- _EXERCISE GOAL_
Taking the line with "Overgang hoek op" as the first and the line with "Zapatillas marca Converse." as the last, set down exactly every line in that range from the entries below, and no more.

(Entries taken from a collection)
● ● ● ● ●

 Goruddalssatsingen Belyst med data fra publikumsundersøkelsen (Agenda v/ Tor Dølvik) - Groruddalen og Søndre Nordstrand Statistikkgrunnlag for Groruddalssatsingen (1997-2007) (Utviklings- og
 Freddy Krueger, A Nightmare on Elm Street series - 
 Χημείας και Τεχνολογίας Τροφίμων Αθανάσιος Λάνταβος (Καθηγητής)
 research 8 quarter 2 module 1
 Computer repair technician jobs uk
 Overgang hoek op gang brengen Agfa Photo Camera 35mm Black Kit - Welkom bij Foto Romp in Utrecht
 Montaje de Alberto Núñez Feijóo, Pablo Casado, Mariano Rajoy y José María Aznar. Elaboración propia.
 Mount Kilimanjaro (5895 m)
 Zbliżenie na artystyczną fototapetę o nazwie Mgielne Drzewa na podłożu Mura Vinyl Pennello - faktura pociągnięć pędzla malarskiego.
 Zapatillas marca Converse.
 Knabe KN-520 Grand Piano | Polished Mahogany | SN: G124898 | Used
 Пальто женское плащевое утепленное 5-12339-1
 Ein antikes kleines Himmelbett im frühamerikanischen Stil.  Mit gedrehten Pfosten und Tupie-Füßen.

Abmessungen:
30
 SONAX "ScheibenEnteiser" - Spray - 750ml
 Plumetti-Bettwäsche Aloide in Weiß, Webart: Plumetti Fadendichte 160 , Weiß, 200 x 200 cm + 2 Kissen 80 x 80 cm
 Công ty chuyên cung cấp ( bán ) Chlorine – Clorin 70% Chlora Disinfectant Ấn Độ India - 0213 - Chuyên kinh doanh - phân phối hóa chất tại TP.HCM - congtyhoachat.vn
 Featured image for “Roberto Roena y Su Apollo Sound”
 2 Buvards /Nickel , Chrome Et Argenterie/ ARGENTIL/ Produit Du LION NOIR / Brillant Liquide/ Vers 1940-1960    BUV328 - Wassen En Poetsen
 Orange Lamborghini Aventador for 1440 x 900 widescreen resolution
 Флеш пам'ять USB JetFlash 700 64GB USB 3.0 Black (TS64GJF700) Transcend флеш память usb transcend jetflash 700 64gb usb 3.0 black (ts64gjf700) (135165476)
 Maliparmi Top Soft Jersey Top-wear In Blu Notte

● ● ● ● ●

- _EXERCISE OUTPUT_
 Overgang hoek op gang brengen Agfa Photo Camera 35mm Black Kit - Welkom bij Foto Romp in Utrecht
 Montaje de Alberto Núñez Feijóo, Pablo Casado, Mariano Rajoy y José María Aznar. Elaboración propia.
 Mount Kilimanjaro (5895 m)
 Zbliżenie na artystyczną fototapetę o nazwie Mgielne Drzewa na podłożu Mura Vinyl Pennello - faktura pociągnięć pędzla malarskiego.
 Zapatillas marca Converse.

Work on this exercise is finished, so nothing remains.